不材而寿乃生瘿,几死散人与木等。初但一粟渐如樱,隆起盥颒动为梗。
爱我誉之为肉珠,證以黄檗额发炯。珠名则美疣实赘,坐大谁能摘梅杏?
养痈不割且自溃,毒螫内侵恐成眚。饰巾待尽年复年,卒累医师试锋颖。
忍痛须臾古恒有,苟全斯世已过幸。愤甚或察贾逵忠,斫取要异杜预颈。
天庭顿豁障碍去,还我本来镜中影。寸肤亦是遗体馀,齿发并收共一皿。
四月二十日这天,我割掉了额头的肿瘤。
我这无用之人却活得长久,才长出这个瘤子,几乎死去,像散木一样卑微。起初它只像一粒米,渐渐大如樱桃,在额头隆起,洗脸时都硌得难受。
爱我的人夸它是颗肉珍珠,用黄檗作比,衬得额发光亮。可名叫珍珠,其实是多余的疣赘,越长越大,谁能像摘梅杏一样轻松摘掉?
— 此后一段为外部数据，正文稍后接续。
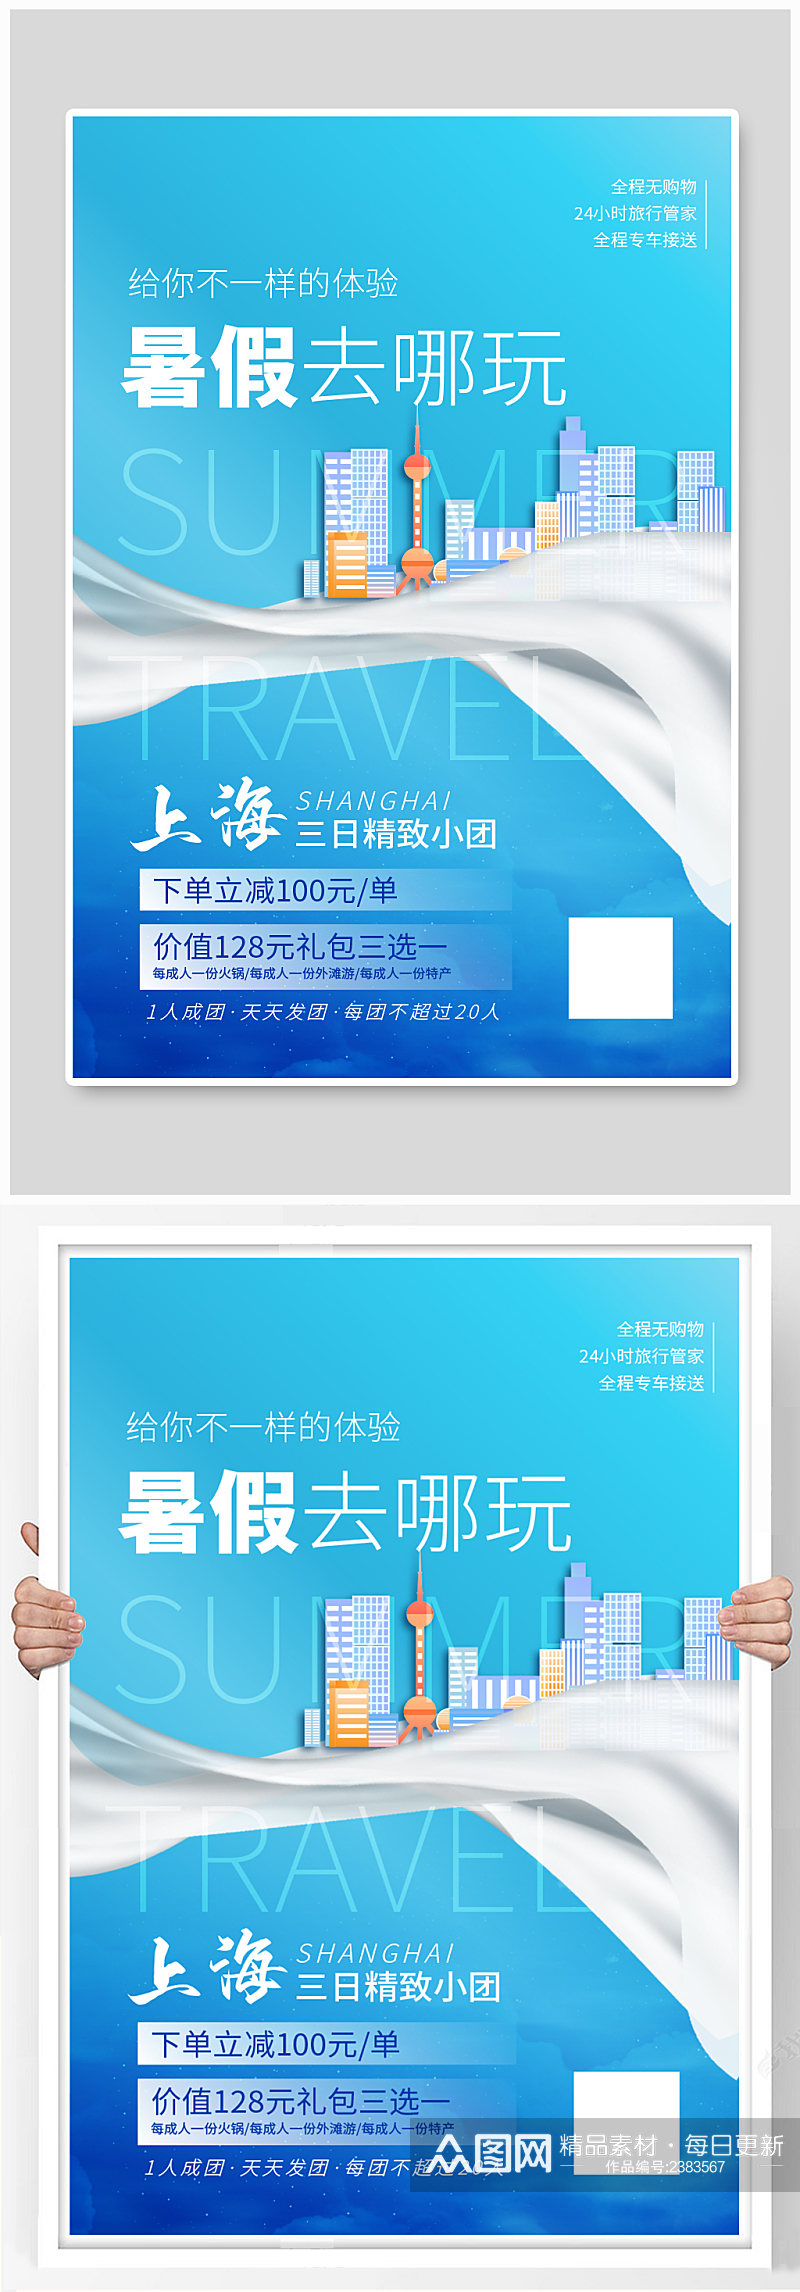 暑假旅游上海地标建筑蓝色大气海报素材

留着毒疮不割,它自己也会溃烂,只怕毒素内侵酿成祸患。我裹着头巾等了一年又一年,终究拖累医生动起刀锋。
短暂忍痛,自古常有,能在这世上勉强保全已是侥幸。愤懑到极时,或许能懂贾逵那样的忠心,但这一刀割取,却与杜预断颈不同。
额头顿时开阔,障碍尽去,镜中又映出我本来的模样。这一寸皮肤也是父母所遗的残存,和割下的牙齿头发一同收进皿中。